*TASK STATEMENT*:
Restate the last part of the records below word for word, beginning at the line with "Top 5 Instagrammable Places in Buena Vista" and ending at the final line.

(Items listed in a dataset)
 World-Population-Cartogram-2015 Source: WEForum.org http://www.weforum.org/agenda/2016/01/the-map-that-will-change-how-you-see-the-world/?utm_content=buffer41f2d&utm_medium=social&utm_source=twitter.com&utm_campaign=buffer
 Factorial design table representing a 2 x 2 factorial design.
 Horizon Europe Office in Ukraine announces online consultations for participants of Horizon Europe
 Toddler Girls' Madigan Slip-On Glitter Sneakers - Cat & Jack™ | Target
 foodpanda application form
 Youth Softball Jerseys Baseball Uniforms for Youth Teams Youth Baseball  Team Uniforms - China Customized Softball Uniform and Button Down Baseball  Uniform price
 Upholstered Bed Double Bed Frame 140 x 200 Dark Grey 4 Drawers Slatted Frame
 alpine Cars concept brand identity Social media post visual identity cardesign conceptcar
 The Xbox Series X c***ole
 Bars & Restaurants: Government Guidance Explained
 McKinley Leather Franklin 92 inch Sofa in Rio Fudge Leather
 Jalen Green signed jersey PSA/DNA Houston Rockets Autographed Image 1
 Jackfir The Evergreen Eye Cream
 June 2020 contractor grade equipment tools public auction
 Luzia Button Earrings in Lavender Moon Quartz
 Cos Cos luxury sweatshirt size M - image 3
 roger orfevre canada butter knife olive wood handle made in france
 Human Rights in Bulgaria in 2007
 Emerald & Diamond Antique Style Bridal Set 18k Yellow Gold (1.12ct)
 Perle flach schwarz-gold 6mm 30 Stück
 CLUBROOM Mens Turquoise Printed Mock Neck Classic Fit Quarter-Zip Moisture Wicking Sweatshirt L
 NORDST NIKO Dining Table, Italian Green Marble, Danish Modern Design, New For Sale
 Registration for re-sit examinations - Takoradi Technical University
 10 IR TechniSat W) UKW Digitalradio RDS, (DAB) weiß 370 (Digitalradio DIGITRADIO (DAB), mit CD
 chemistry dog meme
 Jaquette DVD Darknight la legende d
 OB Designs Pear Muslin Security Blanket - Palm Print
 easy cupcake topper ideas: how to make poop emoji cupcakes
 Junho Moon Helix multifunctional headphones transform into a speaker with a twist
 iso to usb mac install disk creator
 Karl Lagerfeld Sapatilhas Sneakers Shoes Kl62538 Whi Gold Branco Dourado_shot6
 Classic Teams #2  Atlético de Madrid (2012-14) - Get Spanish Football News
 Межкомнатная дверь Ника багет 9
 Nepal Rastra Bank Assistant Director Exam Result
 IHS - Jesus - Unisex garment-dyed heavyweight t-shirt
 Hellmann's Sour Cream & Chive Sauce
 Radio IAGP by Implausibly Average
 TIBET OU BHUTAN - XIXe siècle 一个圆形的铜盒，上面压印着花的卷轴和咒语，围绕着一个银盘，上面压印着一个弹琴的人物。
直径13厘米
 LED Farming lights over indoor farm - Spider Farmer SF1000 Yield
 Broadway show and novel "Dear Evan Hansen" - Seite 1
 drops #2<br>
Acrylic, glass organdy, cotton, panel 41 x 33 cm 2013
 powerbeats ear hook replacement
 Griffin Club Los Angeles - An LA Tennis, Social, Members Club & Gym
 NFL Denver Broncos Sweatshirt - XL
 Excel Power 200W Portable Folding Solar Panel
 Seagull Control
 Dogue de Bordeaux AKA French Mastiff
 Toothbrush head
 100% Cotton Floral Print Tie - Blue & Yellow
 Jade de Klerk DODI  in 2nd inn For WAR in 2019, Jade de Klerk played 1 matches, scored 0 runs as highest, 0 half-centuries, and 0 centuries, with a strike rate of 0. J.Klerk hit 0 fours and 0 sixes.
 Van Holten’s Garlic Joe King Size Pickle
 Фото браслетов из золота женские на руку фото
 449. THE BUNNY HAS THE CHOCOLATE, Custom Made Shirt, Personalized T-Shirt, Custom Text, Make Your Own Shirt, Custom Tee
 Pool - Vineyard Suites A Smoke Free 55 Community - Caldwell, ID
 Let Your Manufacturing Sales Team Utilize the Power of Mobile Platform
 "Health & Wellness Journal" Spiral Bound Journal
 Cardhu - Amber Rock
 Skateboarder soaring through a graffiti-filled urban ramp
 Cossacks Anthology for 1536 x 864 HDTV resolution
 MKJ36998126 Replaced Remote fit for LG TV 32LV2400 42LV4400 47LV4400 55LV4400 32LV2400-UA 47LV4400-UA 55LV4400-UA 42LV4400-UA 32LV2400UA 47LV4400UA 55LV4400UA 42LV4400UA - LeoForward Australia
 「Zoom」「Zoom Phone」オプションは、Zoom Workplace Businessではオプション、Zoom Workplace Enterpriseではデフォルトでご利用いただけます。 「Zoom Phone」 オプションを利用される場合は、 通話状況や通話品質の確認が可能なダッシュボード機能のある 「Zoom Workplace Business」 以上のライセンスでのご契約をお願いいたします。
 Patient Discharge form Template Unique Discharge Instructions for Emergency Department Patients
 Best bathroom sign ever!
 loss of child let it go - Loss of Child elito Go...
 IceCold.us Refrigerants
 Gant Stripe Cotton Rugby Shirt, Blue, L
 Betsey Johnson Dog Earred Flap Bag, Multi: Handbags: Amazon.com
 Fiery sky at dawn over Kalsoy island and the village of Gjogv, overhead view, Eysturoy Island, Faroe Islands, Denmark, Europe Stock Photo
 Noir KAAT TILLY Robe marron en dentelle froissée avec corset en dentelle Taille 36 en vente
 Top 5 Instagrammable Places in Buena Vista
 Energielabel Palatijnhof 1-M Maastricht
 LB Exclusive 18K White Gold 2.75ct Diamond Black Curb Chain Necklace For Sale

*RESULT*:
 Top 5 Instagrammable Places in Buena Vista
 Energielabel Palatijnhof 1-M Maastricht
 LB Exclusive 18K White Gold 2.75ct Diamond Black Curb Chain Necklace For Sale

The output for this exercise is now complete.